The authors of the new study propose that Jupiter, which travels around the sun roughly once every 12 years, has superimposed a 12-year, long-term libration – a perceived oscillating motion of Mercury – on top of Mercury’s known 88-day libration. This long-term libration could be causing the slight increase in speed observed during the time period of the new study and also cause a slow-down in Mercury’s spin at other times, according to the study’s authors.
Margot said the influence of Jupiter on Mercury is only one possible explanation for the new observations and additional measurements could unveil additional influences on the planet. Margot said:
It’s still a bit of a puzzle.
New insights into Mercury’s internal structure. Scientists have also used measurements of Mercury’s rotation and its librations to infer information about the interior of the planet. This study was led by Alexander Stark, a planetary scientist with the German Aerospace Center at the Institute of Planetary Research in Berlin.

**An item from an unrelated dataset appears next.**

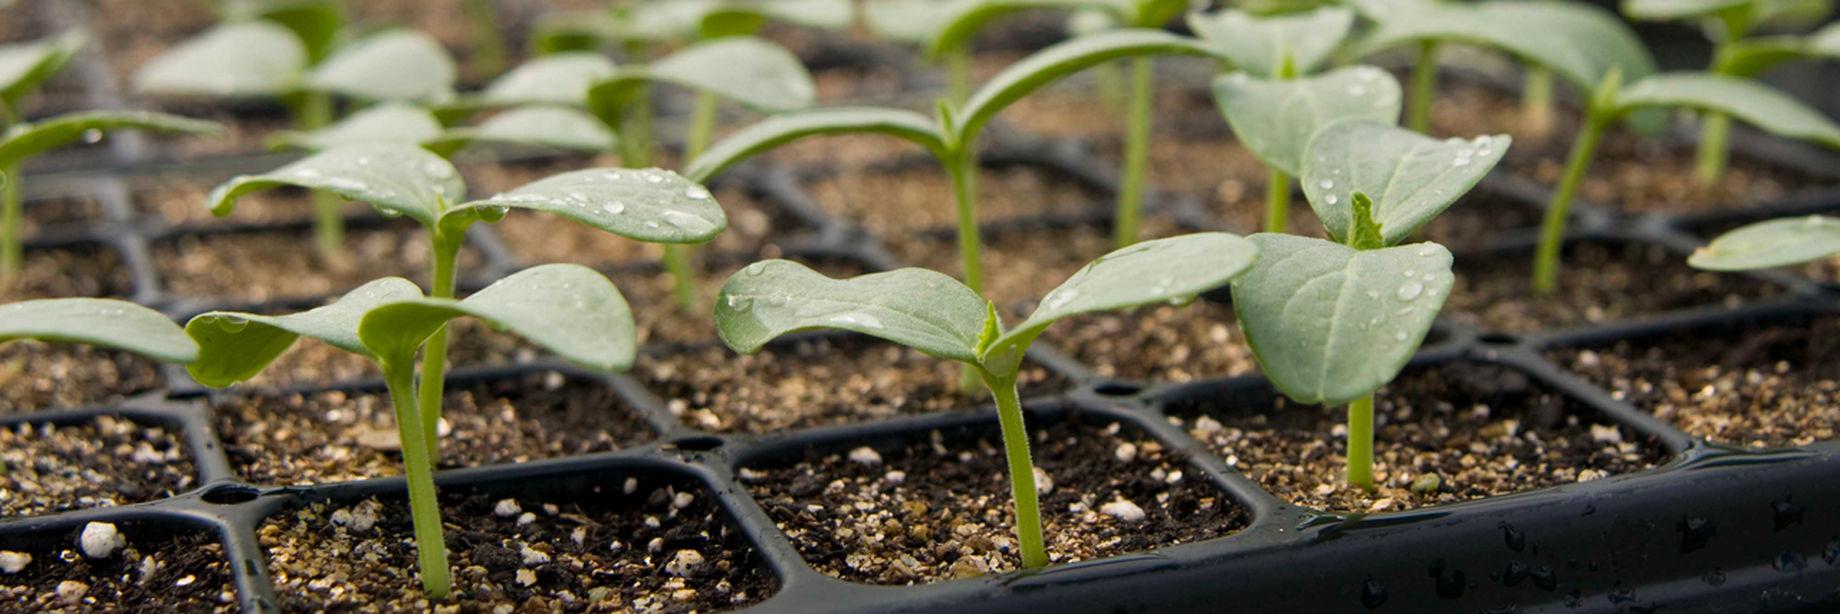 Herb Seeds Plants, Seeds & Bulbs Enthusiastic Ashitaba 50 Seeds Angelica Keiskei Herb Top Watermelons

This new study is also based on data from MESSENGER. It suggests that – when Mercury starts to revolve farther from the sun and the sun starts to slow Mercury’s rotation – the planet rotates 460 meters (1,500 feet) short of its full rotation. That’s a distance equivalent to the height of the Empire State Building. As it circles closer to the sun, the planet speeds up and makes up the lost distance, these scientists say.
These new measurements, which agree with Earth-based measurements, show that Mercury’s libration is about twice as big as would be expected if the planet were entirely solid, said Margot. Studies using Earth-based measurements of Mercury’s spin had suggested that Mercury has a molten outer core, and this new study confirms that theory.
If a planet has a molten outer core, the planet’s outer and inner layers are not locked together. The outer layers – the crust and the mantle – can experience large librations in response to the gravitational pull from the sun.
Bottom line: The MESSENGER spacecraft spent four years orbiting Mercury before crashing into Mercury’s surface in April, 2015. Analysis of MESSENGER’s data has now revealed that the planet spins about 9 seconds faster than scientists had calculated. That, in turn, has let scientists suggest that Jupiter – though far from Mercury’s orbit near the sun – may be exerting a gravitational effect on Mercury. Analysis of MESSENGER data has also revealed details of the planet’s rotation, which have let scientists confirm a model of Mercury’s interior in which the planet has a molten outer core.